Perhaps you can read about wild boars and make sure you stay far away from that park.

There’s a reason humans are drawn to negative news. It’s called “negative bias”. There are many stories of people doing great things, but our focus is on his one story of a thief stealing Holiday-his gifts from his doorstep. why? As humans, we have evolved to react to threats. Without conscious thinking, we weed out the good and look for bad news that can affect us.

That may be one reason why many believe the housing market is about to collapse. They could have read a few articles explaining why it wasn’t happening immediately, but one article of his about an imminent crash stuck in their minds and said, ” It feels true.”

For some, what feels true (even if it’s a product of anxiety) becomes true. The view on the possibility of a crash may surprise you.

doesn’t happen

Tu — the most commonly known your rich best friend — There’s a trick to taking emotion out of your finances. And let’s face it when it comes to such a big investment that we have to take out. mortgage Emotions come into play to pay for it.
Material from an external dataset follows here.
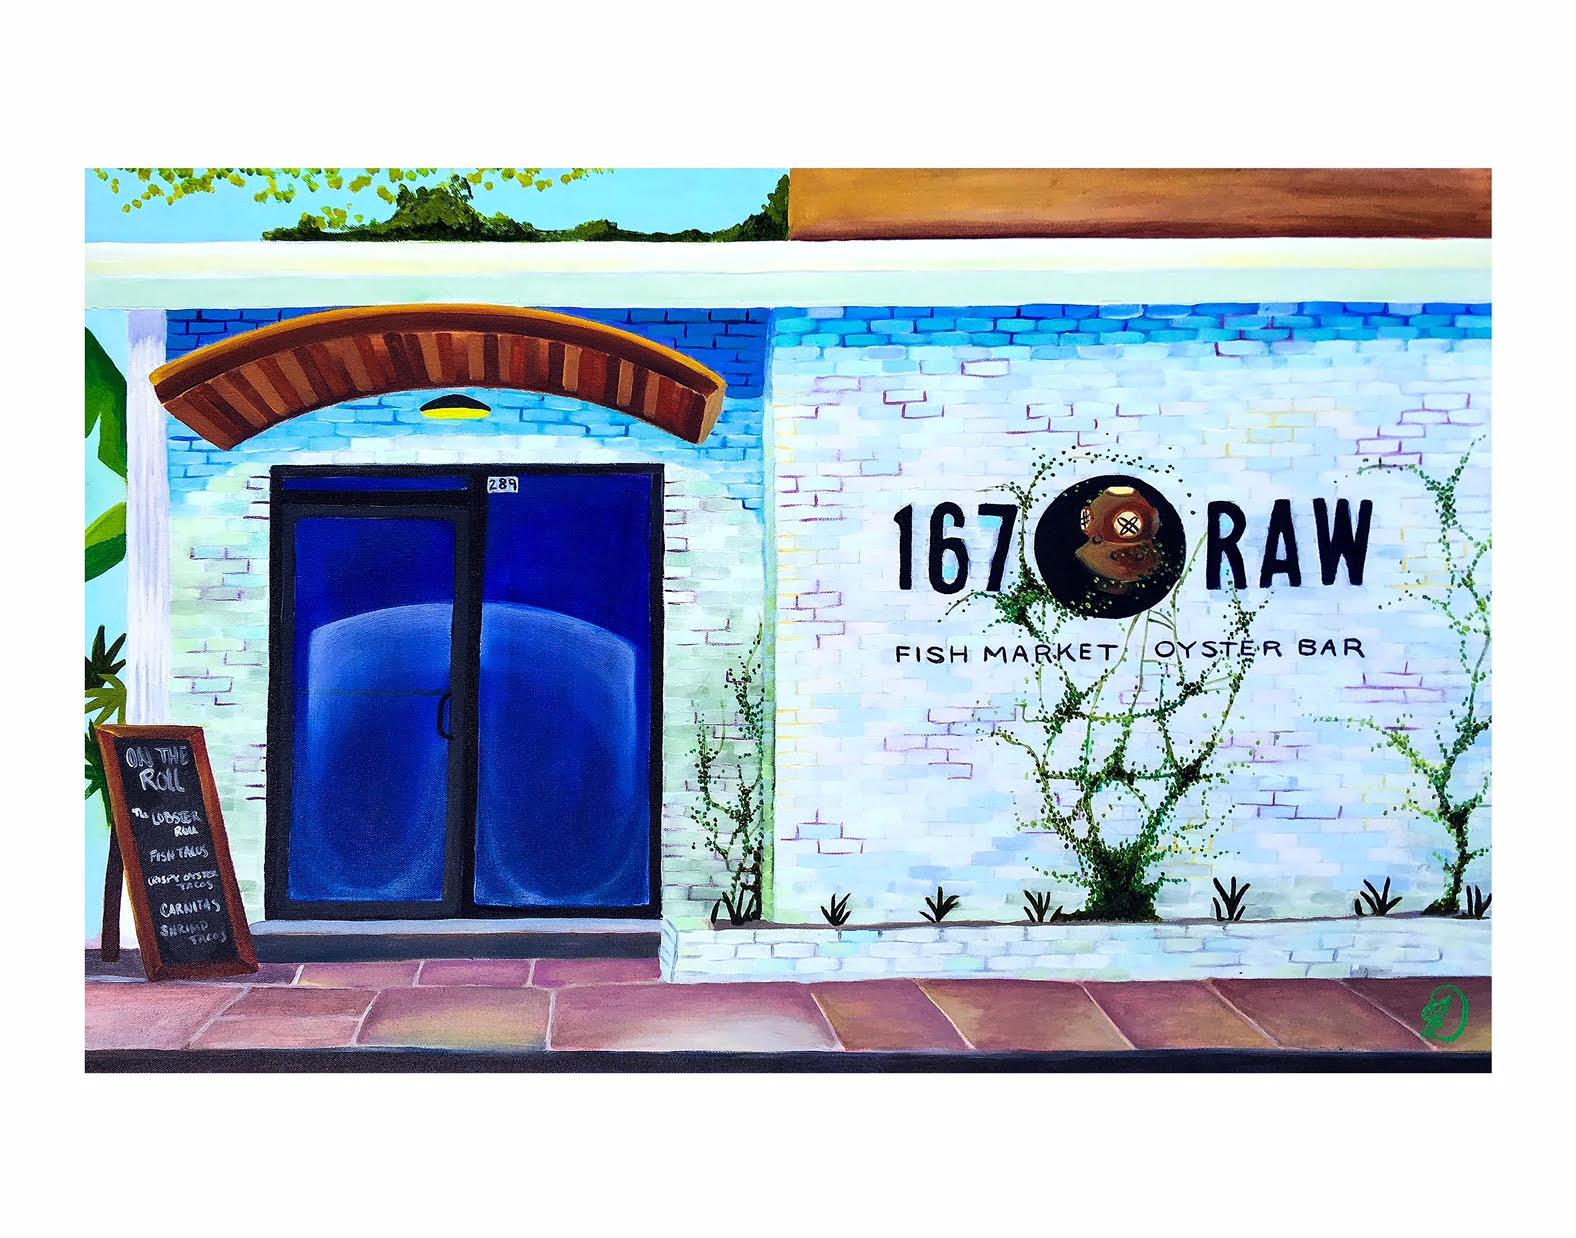 "167 Raw - 11"" X 14"" archival print$50"

Tu spells it out succinctly. This is not 2008. Millions of homeowners live in expensive homes that shouldn’t have been approved for mortgages. Post-Great Recession federal regulations changed the way lenders did business so dramatically that today’s homeowners would never have been approved for a home loan without sufficient qualifications.

irresponsible lender

My husband and I moved to Southern California in late 2000. recessionI didn’t plan on staying long so I decided to rent it. The house we rented was in a new beautiful area of ​​town and the rent we paid was reasonable. It seemed odd to him that one out of about three homes was vacant or foreclosed. It didn’t take long for the homeowners who abandoned those homes to realize that loans they shouldn’t have been eligible for were approved.

According to Tu, it was irresponsible lenders that caused the crisis. All homes in neighborhoods (and regions across the country) lost value as they emptied. The market was now flooded with homes, and homes were being sold at bargain prices. In fact, our landlord offered us the house we were renting for about 50% of its previous value (at the time, we had several valid reasons not to accept his offer).

supply and demand

It’s all about supply and demand, says Tu. During the Great Recession, the market had surplus housing. Today the inventory remains much less than usual.while in stock got a little excitedwhich is still less than half of where the housing market should have normalized.

Simply put:

  • Qualified buyers today have a much lower chance of foreclosure or eviction.
  • The number of homes available for sale is still surprisingly low.

Too sums it up by saying, “If you’re waiting for a housing collapse, don’t hold your breath.”